What this task involves: Whatever lies between the line with "Excellent / mint vintage" and the end of the data, both included, must be copied exactly and without pictures.

Recorded data:
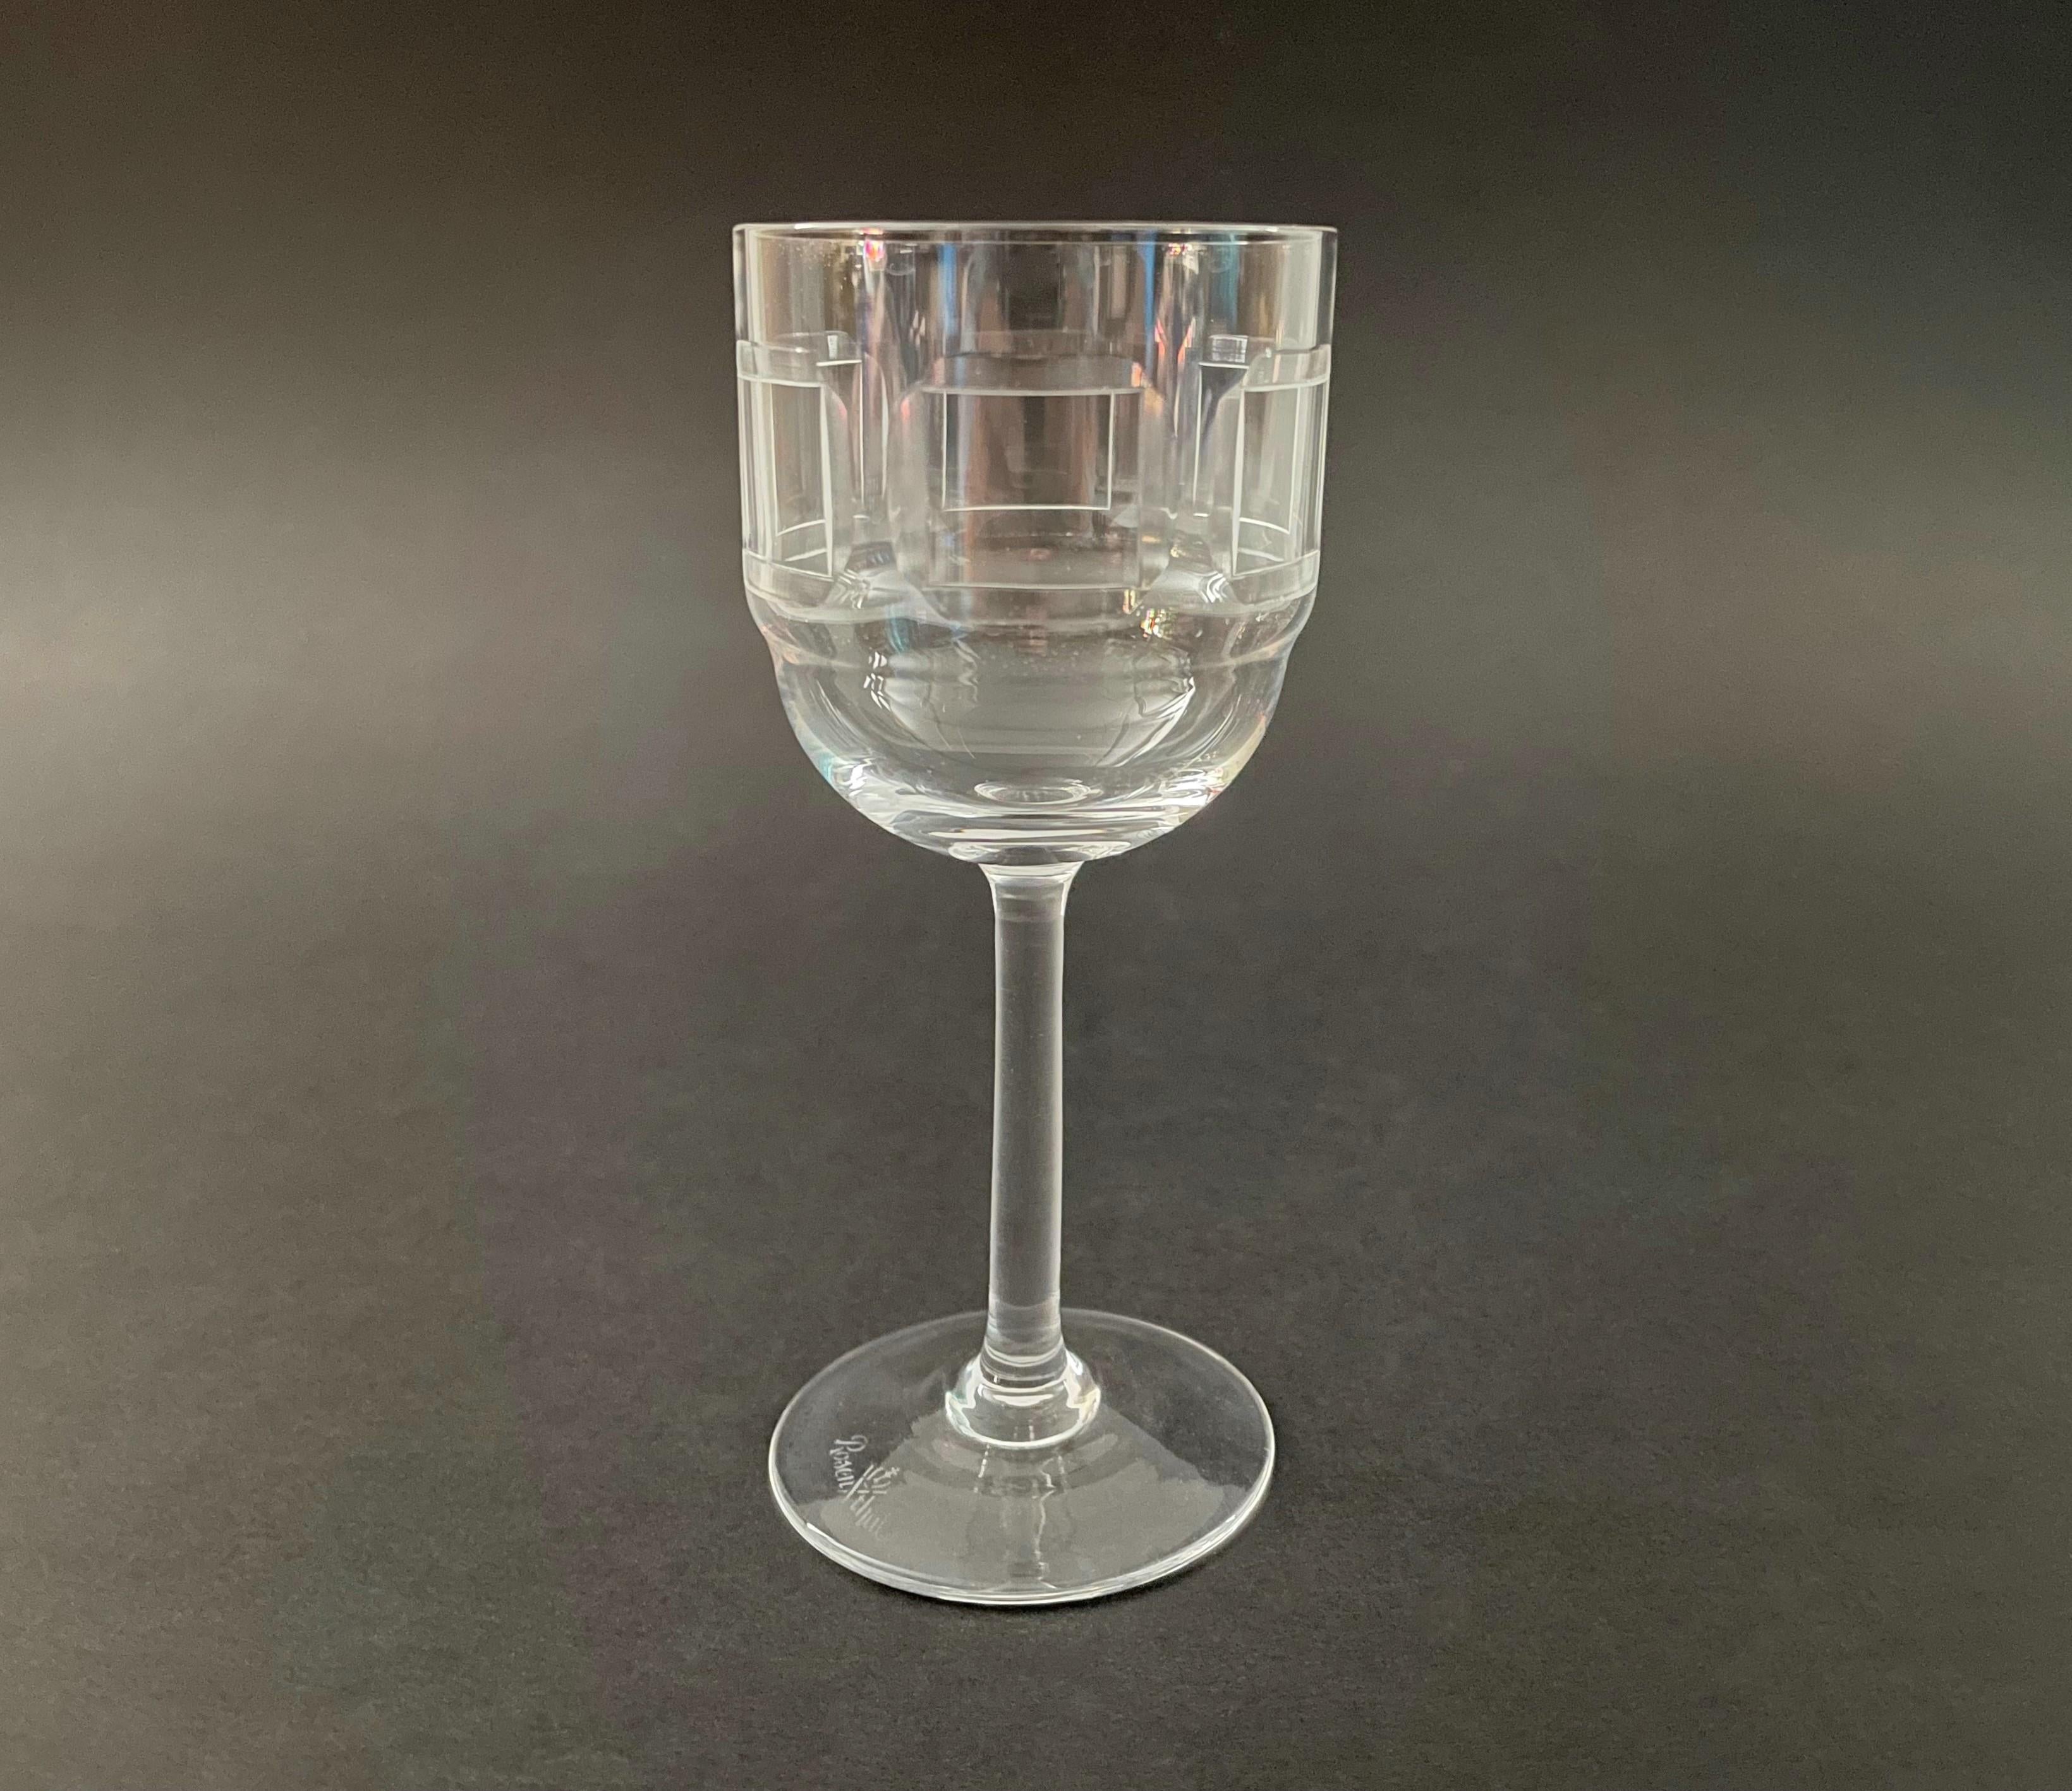 ROSENTHAL (Manufacturer) - SQUARES (Pattern) - Rare Mid Century wheel cut clear crystal liqueur glass - featuring a band of six engraved squares to the outside of the glass - signed on the base - Germany - circa 1960's.

Excellent / mint vintage
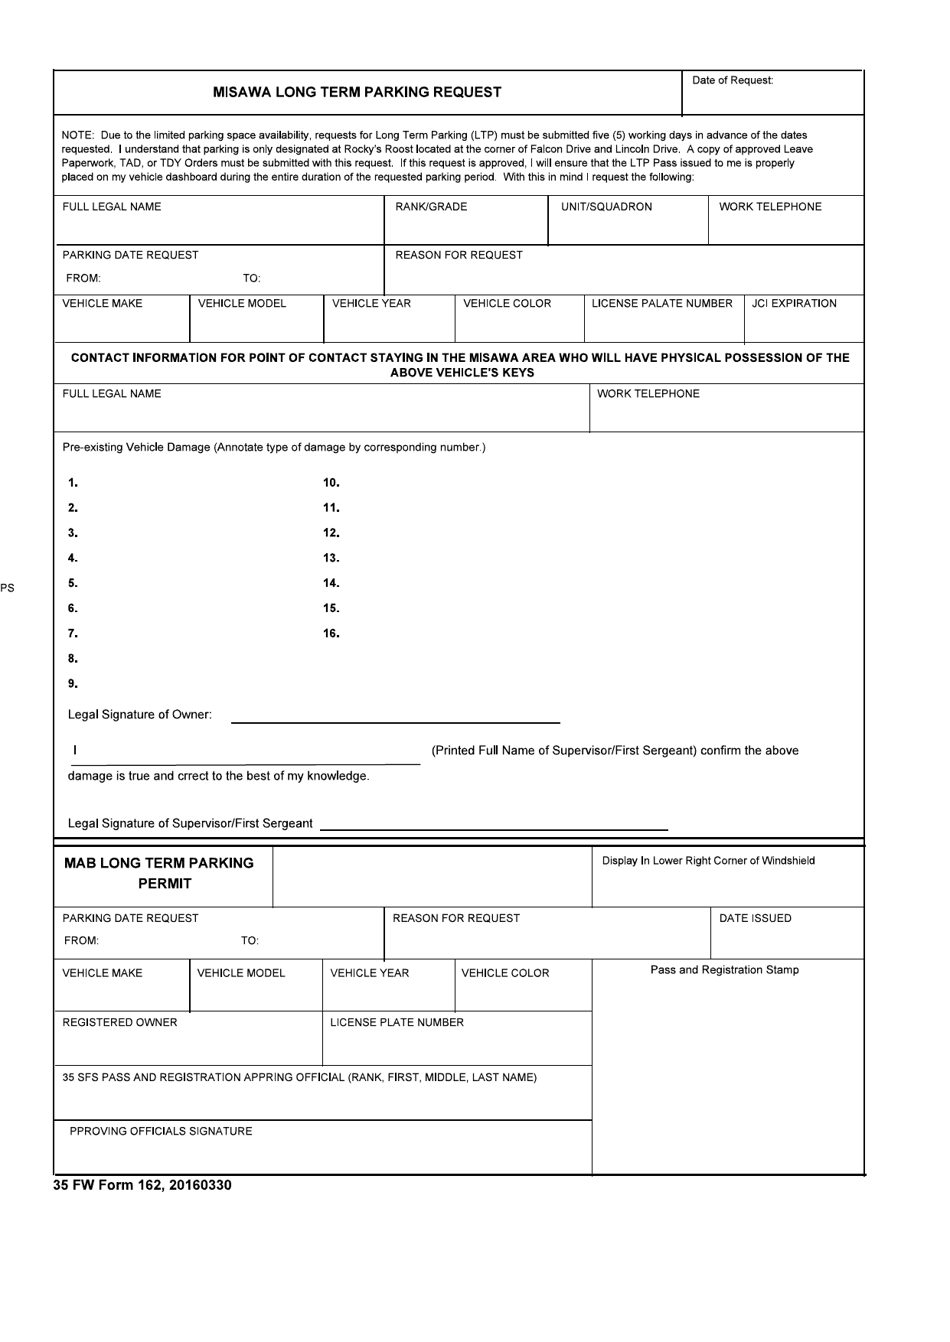 35 FW Form 162 Misawa Long Term Parking Request, Page 1

Answer for the task:
Excellent / mint vintage
 35 FW Form 162 Misawa Long Term Parking Request, Page 1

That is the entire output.